When Rodin was 76 years old he gave the French government the entire collection of his own works and other art objects he had acquired. They occupy the Hotel Biron in Paris as the Musee Rodin and are still placed as Rodin set them.

Auguste Rodin (1840-1917)
‘Honoré De Balzac’ (1799-1850)
1891-2
Bronze on a marble base
Height 41.5 cm
Inscribed ‘A. Rodin’ on the front of the left shoulder and ‘Alexis Rudier/Fondeur, Paris’ on the back of the right shoulder
Museum no. A.42-1914
Given by the artist
The bust is one of the first studies for a monument commemorating Balzac, commissioned in 1891 by the Society of Writers under the presidency of Emile Zola.
Balzac had then been dead for over 40 years. Rodin attempted to overcome this difficulty by researching the writer’s life and visiting the region around Tours where he had lived in order to study the local facial types. But another, and more reliable, source for this bust was probably a portrait of Balzac of about 1822, attributed to Achille Devéria. The spirited and free handling of the clay, retained in the bronze, together with the erect head and direct gaze of the sitter, convey the confidence and determination associated with youth.
Later – and controversially – Rodin decided to represent Balzac as an older man, over life size, enveloped in a long, loose robe. He may have included the earlier bust in the 1914 Grosvenor House exhibition as a reference to that final version.

L’Éternelle Idole (The Eternal Idol)
Throughout Rodin’s career, the couple was a constant source of inspiration, enabling him to express all nuances of tenderness, passion and sensuality. Along with The Kiss, Fugit Amor, Eternal Spring, Paolo and Francesca, The Eternal Idol is one of the most famous groups inspired by this theme.

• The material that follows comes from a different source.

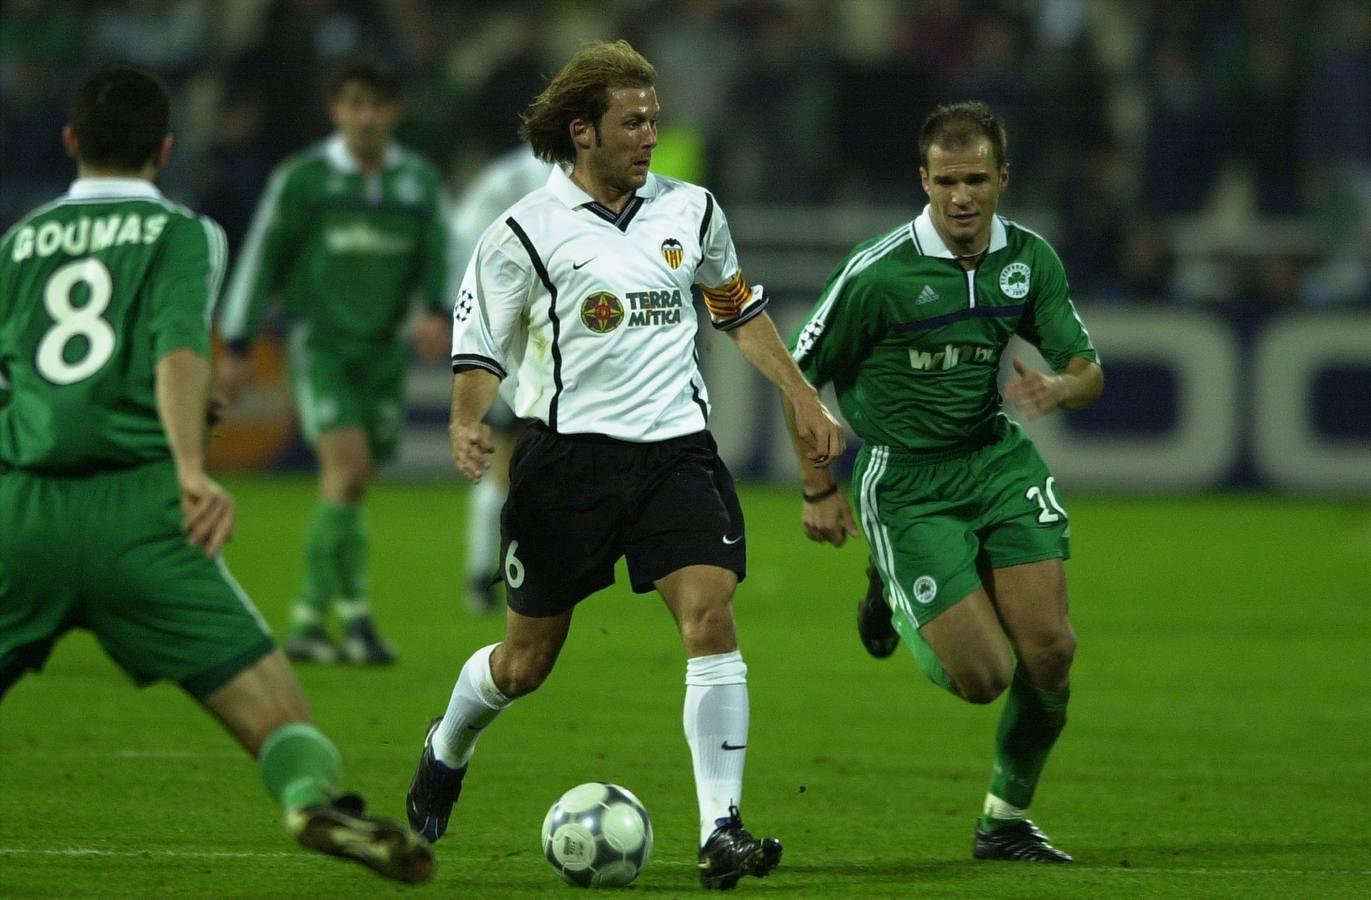 06.12.2000: Panathinaikos 0 - 0 Valencia CF
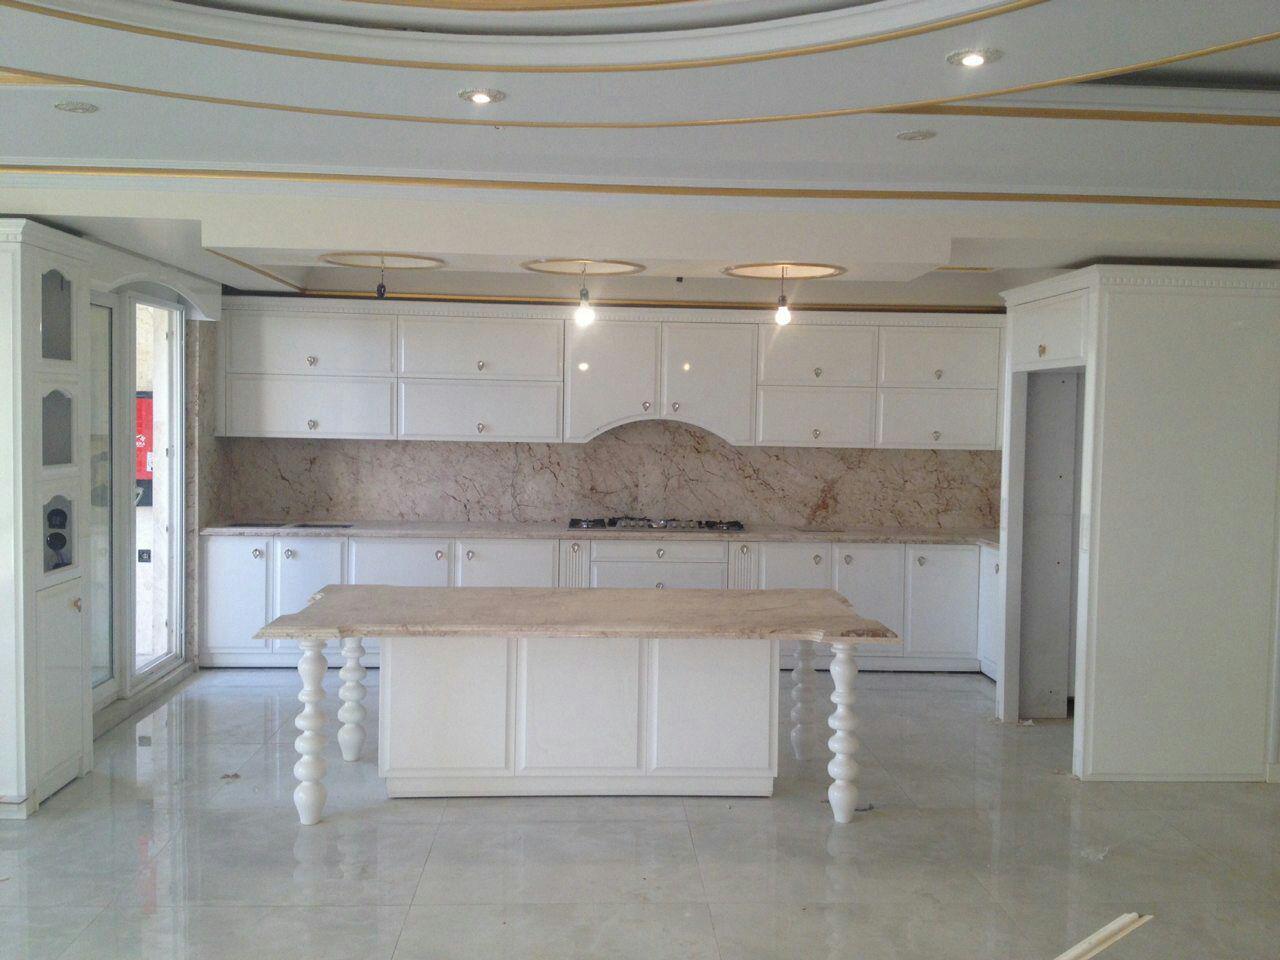 انواع مدل کابینت آشپزخانه ممبران / شرکت طراحی داخلی محمد صادق آجرلو

Rodin chose to portray in this group the domination of woman over man who kneels before her in an attitude of adoration, and seems to pay an almost religious homage to an indifferent divinity. It should be noted out that the first title for this work was The Host, clearly indicating this notion of devotion. The composition of the group accentuates its psychological aspect; the deliberate vertical line formed by the woman’s arms and head contrasts with the diagonal of the man’s body and increases the impression of his dependence and respect.